Budapest has already been the setting for a dystopian film or two – most of Blade Runner 2049 was shot over four months here in 2016 – but with so many eerie, post-industrial ruins around, there’s always room for more. Here are five great suggestions for all you location scouts out there!

1/5

Gellért Hill reservoir

Tall and slender columns, imposing walls, spooky lights and a constant echoing murmur characterise József Gruber’s water reservoir, open for the public to view once a year on World Water Day. Walking through the huge pool space of 40,000 cubic metres feels like a deserted landscape. The graceful columns around which the water flows could even be the petrified stumps of a burned forest, but a world after a nuclear explosion also comes to mind, the creepy feeling accentuated if you come at twilight. At the central hub for Budapest’s water supply, you could easily imagine an end-of-the-world scenario or some scenes from The Matrix.

2/5

Kelenföld Power Plant

This is the building that many consider the pinnacle of Hungarian Art-Deco architecture, especially because of its control room, whose huge glass roof was put together from small pieces. In this space, you can easily imagine that sometime in the 2200s, groups from the underground resistance weave secret plans to reclaim the land and overthrow the repressive system. The association is obviously not a coincidence, as the Kelenföld Power Plant, completed in the 1930s, has appeared in several Sci-Fi films, although typically as the headquarters of the bad guys.

3/5

Lipótmező sanatorium

It’s been empty for years, so today it’s pretty creepy to wander around the crumbling staircase of the Lipótmező sanatorium, between dilapidated walls and empty autopsy tables. In corridors five metres high, pipes protrude from walls scrawled with childish graffiti. In ever they do a remake of the 2008 film Blindness starring Julianne Moore and Mark Ruffalo – victims of a mysterious epidemic locked in an abandoned hospital – this would be just the place.

4/5

Metro 4 stations

You find some of the best contemporary architecture in Budapest not above ground, but below – and not in one building but ten, all in a line. At each station along Metro 4, it’s worth getting off and exploring all the little details because it’s guaranteed to set the imagination racing. Immersing yourself into the chasm between the concrete netting penetrating Fővám tér and the corten steel covering the wall is like jumping ahead into time, but not to a happy utopia – though it’s considered a masterpiece of design. It’s the same at the next stop, Kálvin tér, the semi-tubular escalator making you feel as if you’re on a huge mothership.

5/5

North Pest Hospital

It is not difficult to find abandoned buildings on the outskirts of Budapest, but the only Art-Nouveau hospital in Hungary is in terrible condition.
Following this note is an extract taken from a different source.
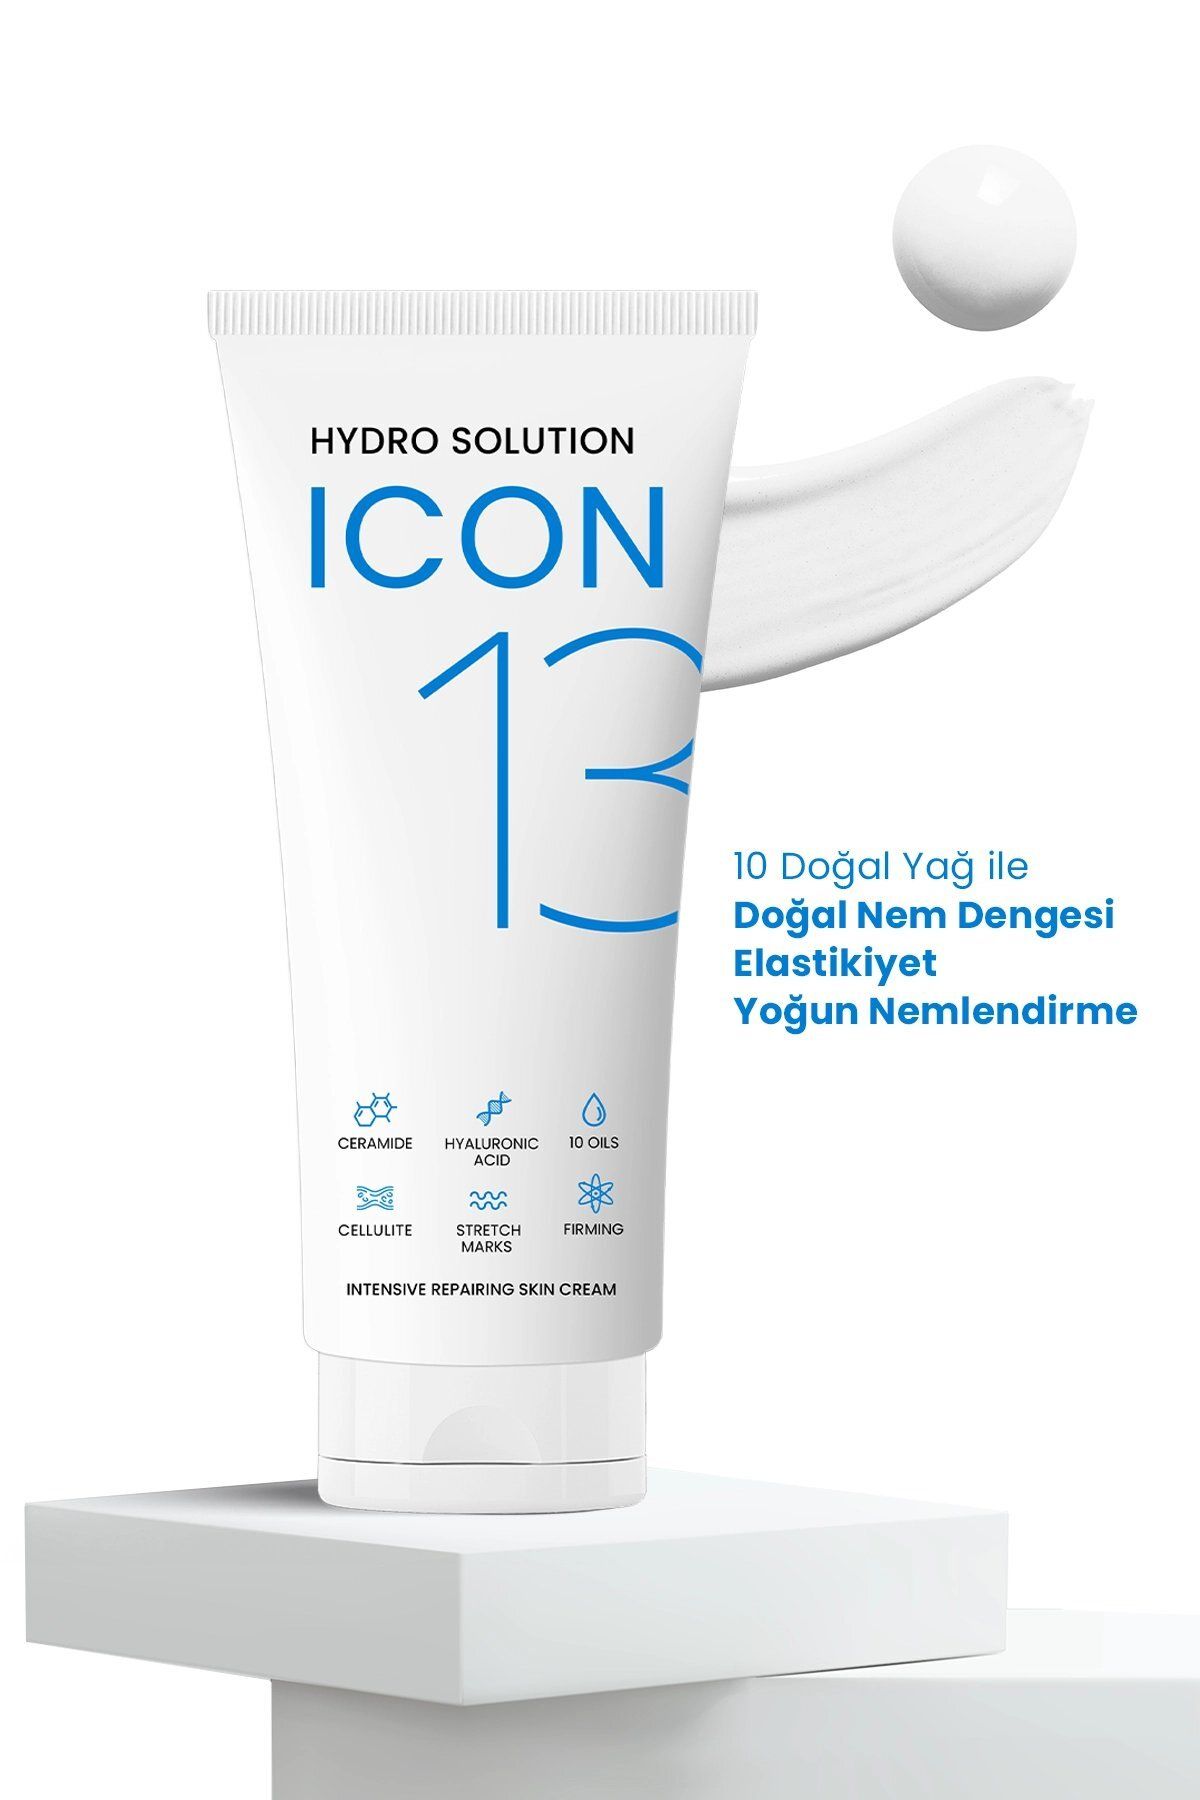 PROCSIN کرم مرطوب کننده قوی ترمیم کننده و تجدید کننده پوست 13 Hydro Solution Icon کرم 13 منظوره 175 میل

One of the more modern blocks in Pestújhely built in the 1930s was designed by the most dynamic architects of the day, Farkas Molnár and József Fischer, but today its forbidding appearance means it’s inadvisable to approach, let alone exploring inside. On the other hand, between crumbling, abandoned buildings overgrown with weeds, it’s quite easy to think of anti-utopian scenarios in which society has completely disintegrated after some devastating catastrophe.